● **WHAT IS EXPECTED**:
The required result is each line of the entries below containing the string "gold".

::::::::

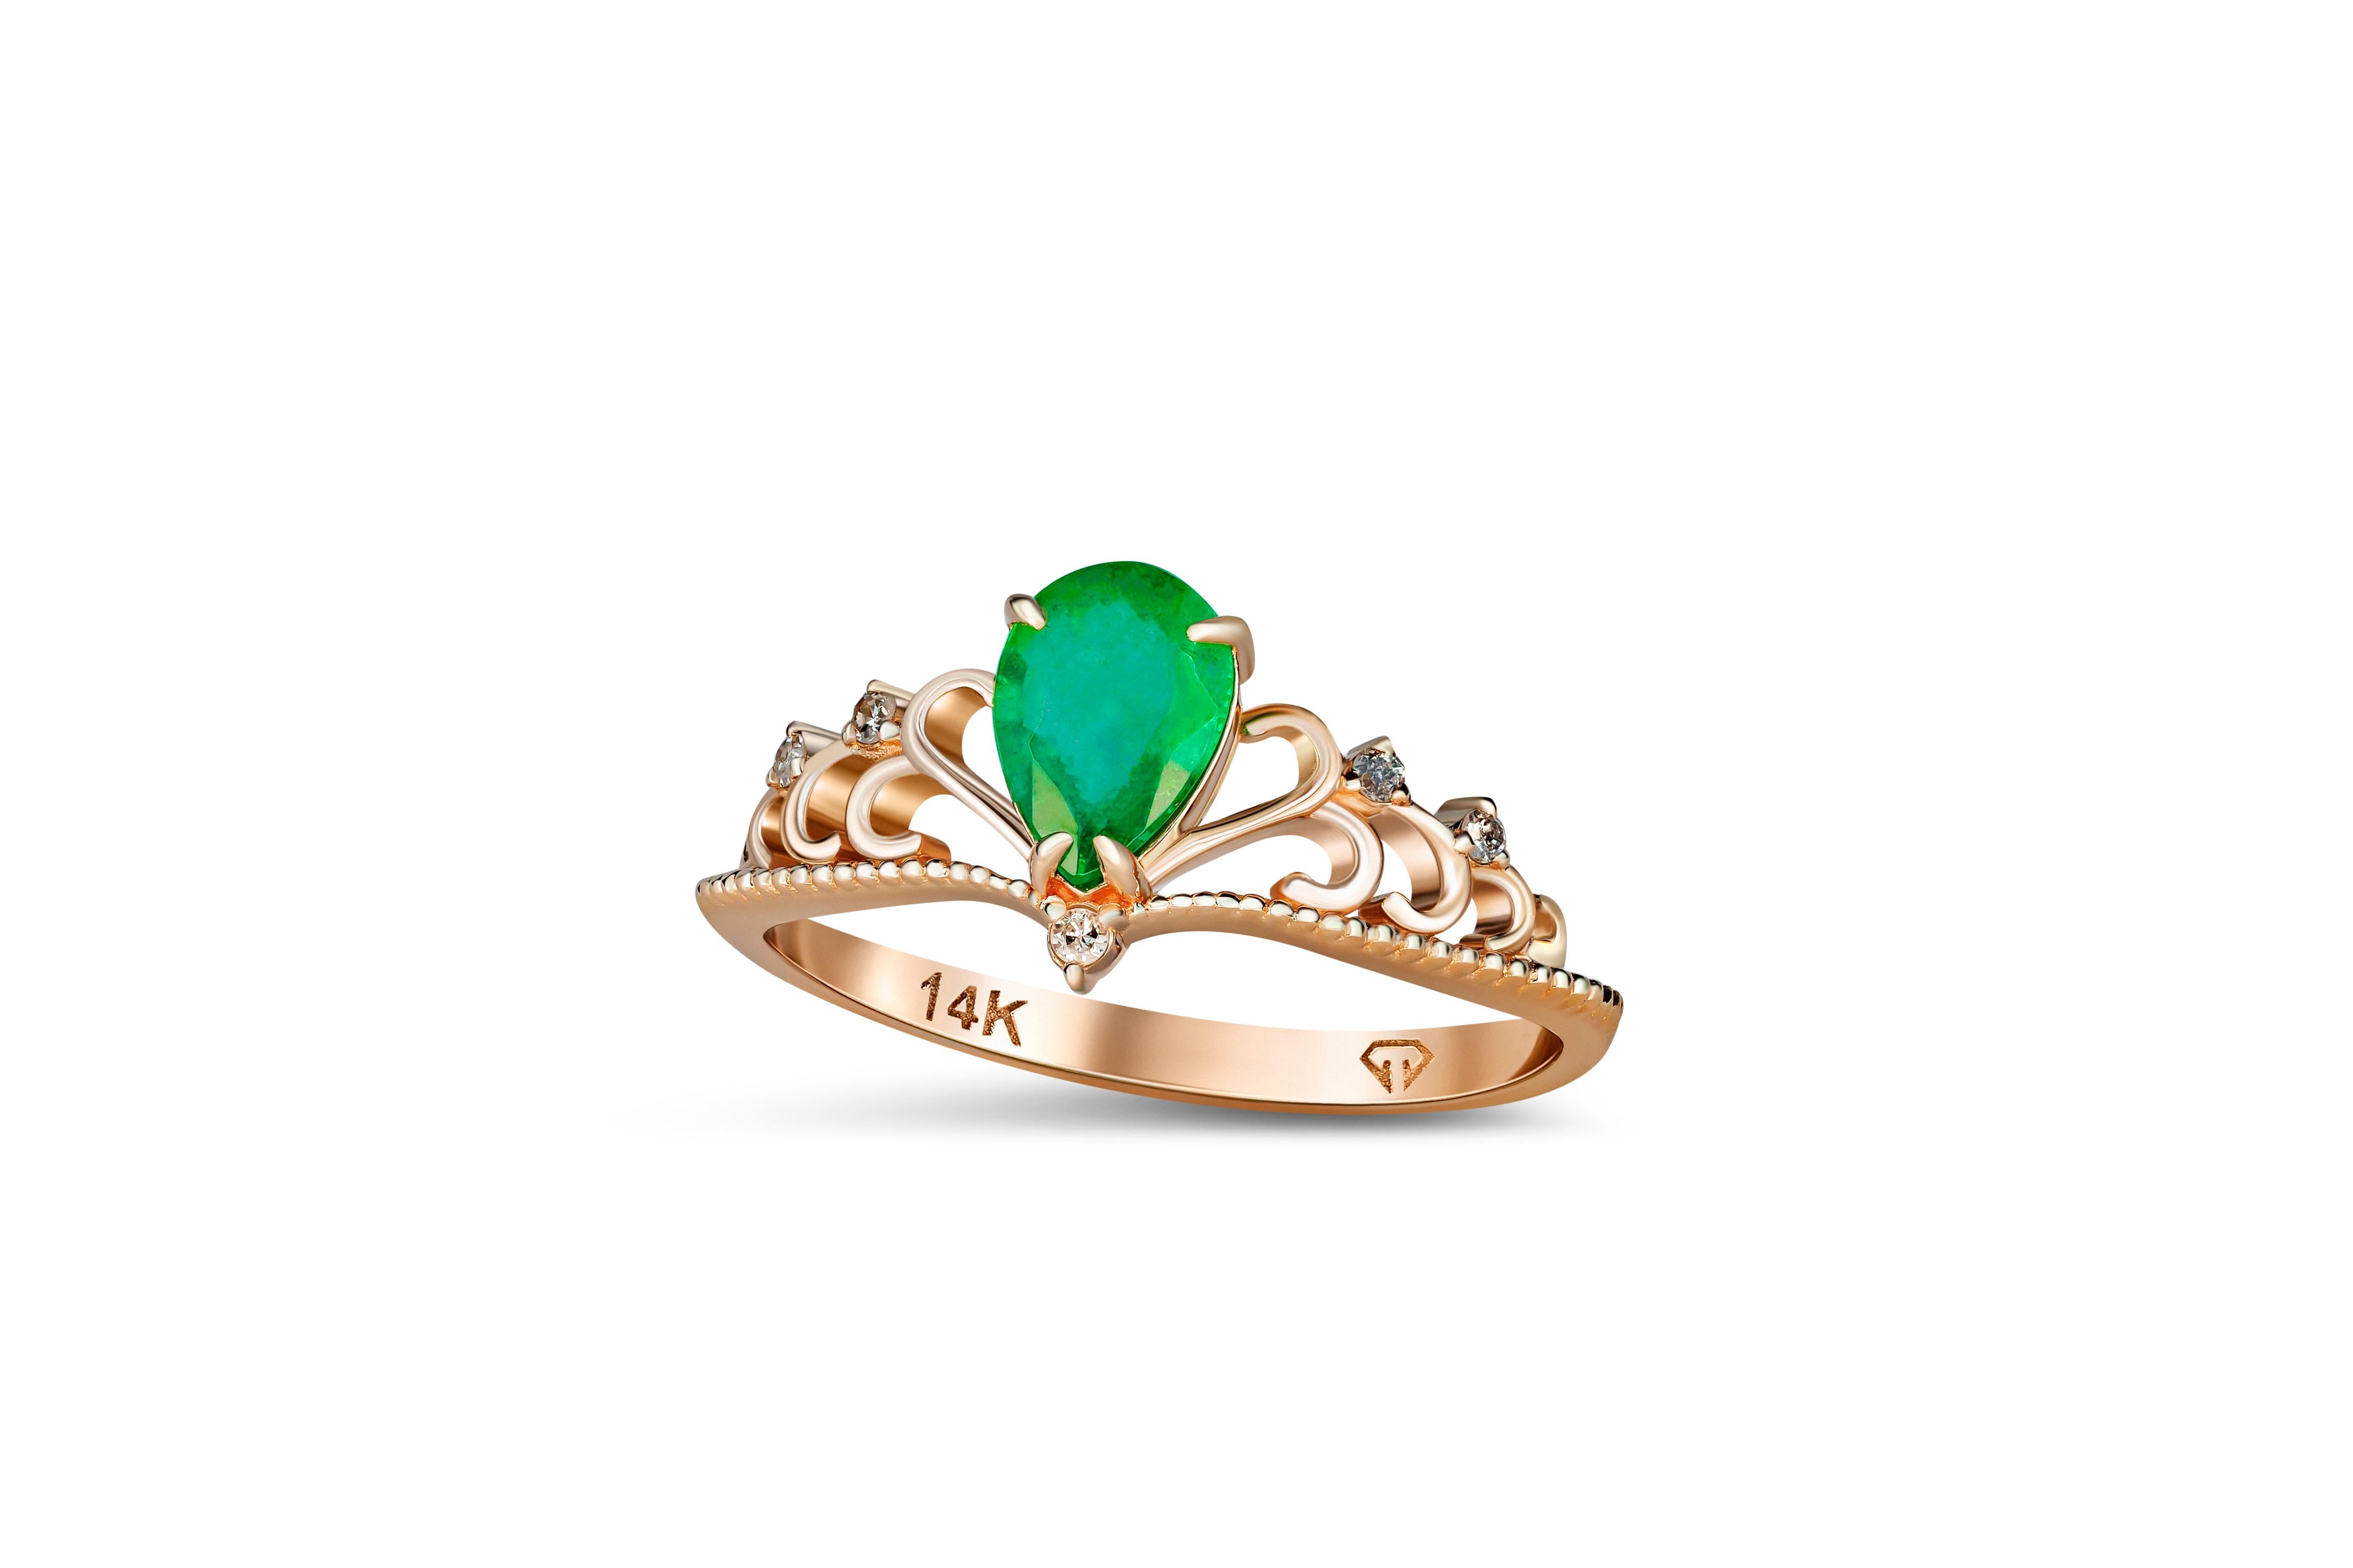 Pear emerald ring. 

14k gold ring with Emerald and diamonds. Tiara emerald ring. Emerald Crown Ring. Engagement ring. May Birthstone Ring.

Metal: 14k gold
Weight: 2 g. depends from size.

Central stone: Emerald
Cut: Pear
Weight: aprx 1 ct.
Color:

::::::::

● **TASK RESULT**:
14k gold ring with Emerald and diamonds. Tiara emerald ring. Emerald Crown Ring. Engagement ring. May Birthstone Ring.
Metal: 14k gold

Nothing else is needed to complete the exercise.